MySQL 8.0 introduced invisible indexes (ALTER TABLE t ALTER INDEX idx_name INVISIBLE). This lets you test removing an index without actually dropping it — queries cannot use invisible indexes but the index is maintained on writes.
Descending indexes (CREATE INDEX idx_name ON t(col DESC)) are fully supported in MySQL 8.0 and can eliminate filesort for queries with ORDER BY col DESC.
The optimizer_trace system variable produces a full JSON trace of the optimizer's decision process, showing exact cost estimates for each access path considered.

Frequently Asked Questions

Q: The index exists and possible_keys shows it, but key is NULL. Why? A: The optimizer evaluated the index but decided a full scan was cheaper. Most often this means the table is small, cardinality is underestimated, or the predicate matches a large fraction of rows. Run ANALYZE TABLE and re-check; if still not used, examine whether the query predicate is truly selective.

Q: Adding an index made a query slower. How? A: Indexes on write-heavy tables increase write overhead. If the index is rarely used, the write cost outweighs the read benefit. Also, if the optimizer switches to using the new index for a different query where the old plan was better, that query slows. Use SHOW INDEX and performance_schema.table_io_waits_summary_by_index_usage to identify unused indexes.

Q: My composite index is (a, b) — why won't the optimizer use it for WHERE b = ?? A: A B-tree composite index is sorted first by a, then by b within each a value. Without a constraint on a, every entry must be checked — no different from a full index scan. Add a separate index on b if queries filter on b alone.

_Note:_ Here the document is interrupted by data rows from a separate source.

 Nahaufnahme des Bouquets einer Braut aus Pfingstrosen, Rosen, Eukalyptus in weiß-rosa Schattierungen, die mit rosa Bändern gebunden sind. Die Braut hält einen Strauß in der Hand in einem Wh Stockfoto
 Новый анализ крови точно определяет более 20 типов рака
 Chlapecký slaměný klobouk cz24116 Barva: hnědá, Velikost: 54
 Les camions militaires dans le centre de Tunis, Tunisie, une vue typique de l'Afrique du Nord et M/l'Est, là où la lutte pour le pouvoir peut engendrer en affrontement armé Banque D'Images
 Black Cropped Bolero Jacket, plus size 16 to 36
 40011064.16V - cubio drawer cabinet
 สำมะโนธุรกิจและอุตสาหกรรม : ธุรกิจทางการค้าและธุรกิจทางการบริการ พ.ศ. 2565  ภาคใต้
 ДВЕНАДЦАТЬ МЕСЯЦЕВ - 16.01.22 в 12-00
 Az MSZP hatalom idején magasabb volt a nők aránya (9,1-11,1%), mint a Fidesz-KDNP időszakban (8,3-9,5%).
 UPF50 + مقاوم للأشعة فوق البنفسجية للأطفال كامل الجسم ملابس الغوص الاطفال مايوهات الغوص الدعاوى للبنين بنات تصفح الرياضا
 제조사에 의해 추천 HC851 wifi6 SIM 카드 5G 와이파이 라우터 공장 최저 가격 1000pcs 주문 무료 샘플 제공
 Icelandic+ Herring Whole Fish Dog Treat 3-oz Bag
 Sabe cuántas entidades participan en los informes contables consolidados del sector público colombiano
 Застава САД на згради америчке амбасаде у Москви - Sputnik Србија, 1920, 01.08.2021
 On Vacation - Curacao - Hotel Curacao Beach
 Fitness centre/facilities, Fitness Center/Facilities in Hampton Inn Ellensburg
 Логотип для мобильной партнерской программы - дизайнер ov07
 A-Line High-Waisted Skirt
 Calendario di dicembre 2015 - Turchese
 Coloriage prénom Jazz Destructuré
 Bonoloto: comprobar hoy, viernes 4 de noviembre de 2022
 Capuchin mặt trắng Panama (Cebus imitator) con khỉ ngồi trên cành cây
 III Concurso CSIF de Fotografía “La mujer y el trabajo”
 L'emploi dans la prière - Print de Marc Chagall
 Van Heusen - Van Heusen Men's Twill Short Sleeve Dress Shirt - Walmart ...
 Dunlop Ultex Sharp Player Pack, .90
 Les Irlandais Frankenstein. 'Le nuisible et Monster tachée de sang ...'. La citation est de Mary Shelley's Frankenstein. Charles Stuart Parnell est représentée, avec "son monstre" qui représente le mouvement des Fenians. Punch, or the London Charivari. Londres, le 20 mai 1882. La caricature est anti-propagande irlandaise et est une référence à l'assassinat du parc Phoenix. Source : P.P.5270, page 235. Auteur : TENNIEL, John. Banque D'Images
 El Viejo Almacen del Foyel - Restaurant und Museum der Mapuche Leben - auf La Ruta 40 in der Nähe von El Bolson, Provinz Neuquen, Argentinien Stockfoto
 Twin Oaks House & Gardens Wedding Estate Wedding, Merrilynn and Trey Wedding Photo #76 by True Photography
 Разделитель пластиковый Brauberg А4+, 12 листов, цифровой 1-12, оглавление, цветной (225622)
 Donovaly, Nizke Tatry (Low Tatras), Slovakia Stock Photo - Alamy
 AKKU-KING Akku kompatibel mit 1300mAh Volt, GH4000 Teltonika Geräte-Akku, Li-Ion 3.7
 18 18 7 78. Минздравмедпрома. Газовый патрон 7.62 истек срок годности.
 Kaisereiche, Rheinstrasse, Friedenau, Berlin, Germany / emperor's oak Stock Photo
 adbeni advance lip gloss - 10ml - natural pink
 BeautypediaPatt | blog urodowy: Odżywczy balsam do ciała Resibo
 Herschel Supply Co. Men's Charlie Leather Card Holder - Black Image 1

Q: EXPLAIN shows rows = 1 but the query is slow. Why? A: The rows estimate is optimistic and based on statistics, not actual data. Use EXPLAIN ANALYZE to see the actual row count. The slowness may be in lock waits (Lock_time in the slow log) rather than scan size.

Q: Is FORCE INDEX ever appropriate in production? A: Rarely. It is a hint that bypasses the optimizer permanently, even as data distribution changes. If you use it, document exactly why and set a reminder to revisit after the next major data change or ANALYZE TABLE run.